With eye witness accounts

BBC - BBC World Service Programmes - World Football, The Port Said Tragedy: Who's to blame?


----------



## MaidenScotland (Jun 6, 2009)

I tried to watch this but it wasn't on. I partly listened to the radio broadcast but will do so properly later on today.

Sunday... just heard on the news that FC.. Port Said is being suspended because of the deaths.

Lets pray that it will not bring more riots of protest.


----------



## aykalam (Apr 12, 2010)

MaidenScotland said:


> I tried to watch this but it wasn't on. I partly listened to the radio broadcast but will do so properly later on today.
> 
> Sunday... just heard on the news that FC.. Port Said is being suspended because of the deaths.
> 
> Lets pray that it will not bring more riots of protest.


you won't be able to watch it, this is a radio program. 

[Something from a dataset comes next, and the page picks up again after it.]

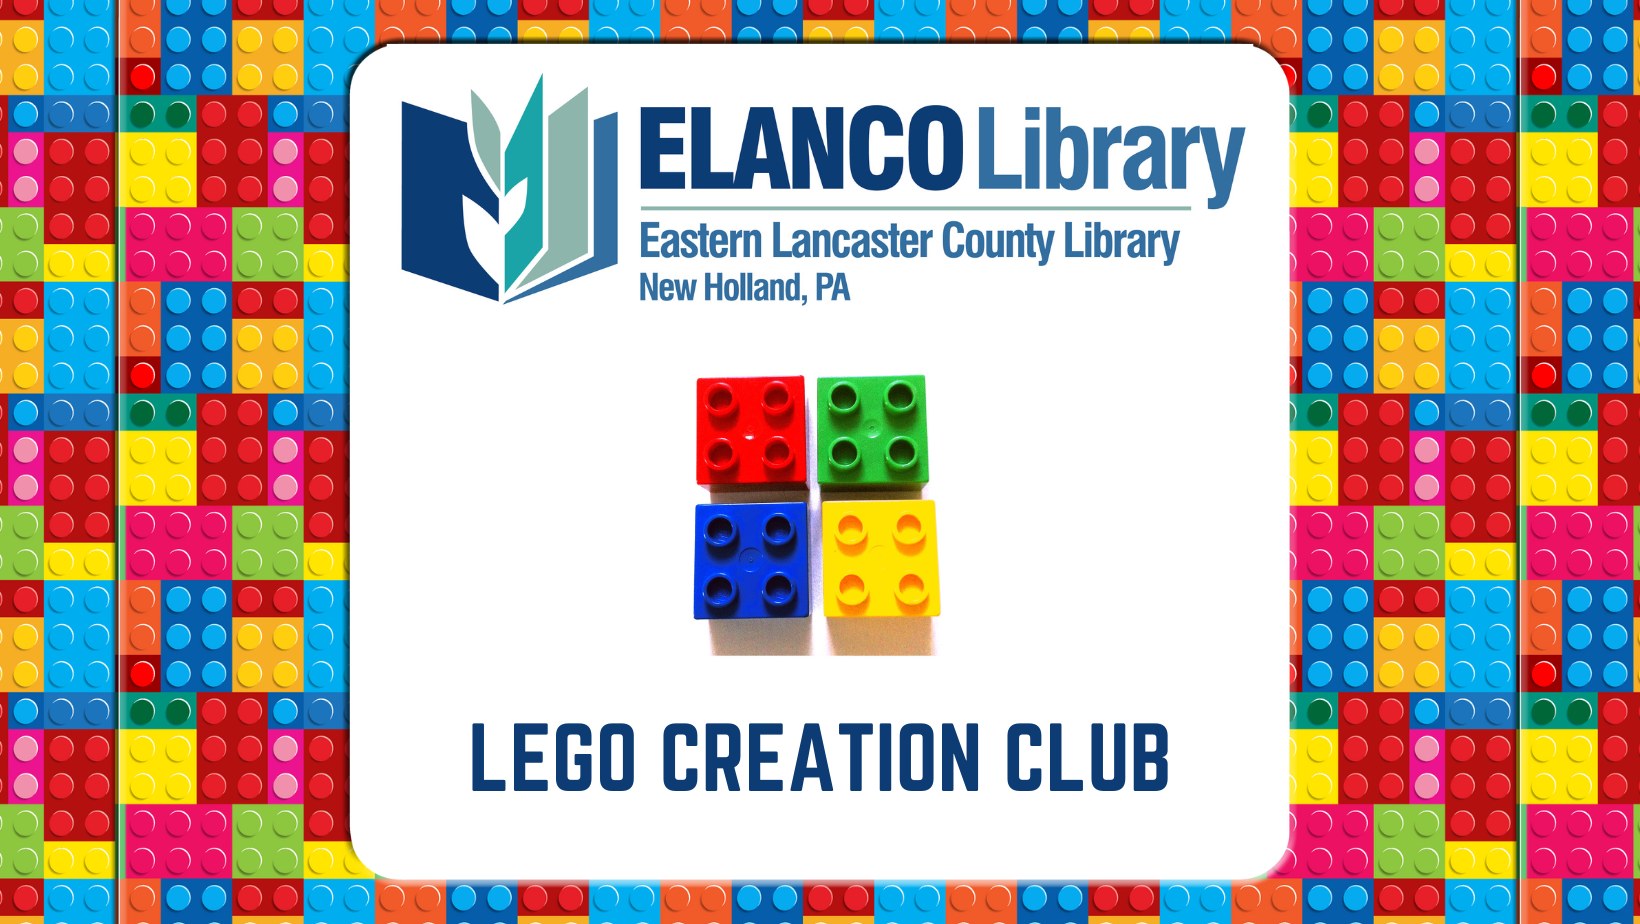 ELANCO Library LEGO Creation Club

I was under the impression that the entire league had been cancelled in Egypt, not just the teams involved :confused2:

and as I was typing this I read this headline: Clashes as Egypt bans al-Masry football club

Clashes as Egypt bans al-Masry football club - Middle East - Al Jazeera English


----------



## aykalam (Apr 12, 2010)

BBC: 13 year old boy killed in clashes in Port Said


----------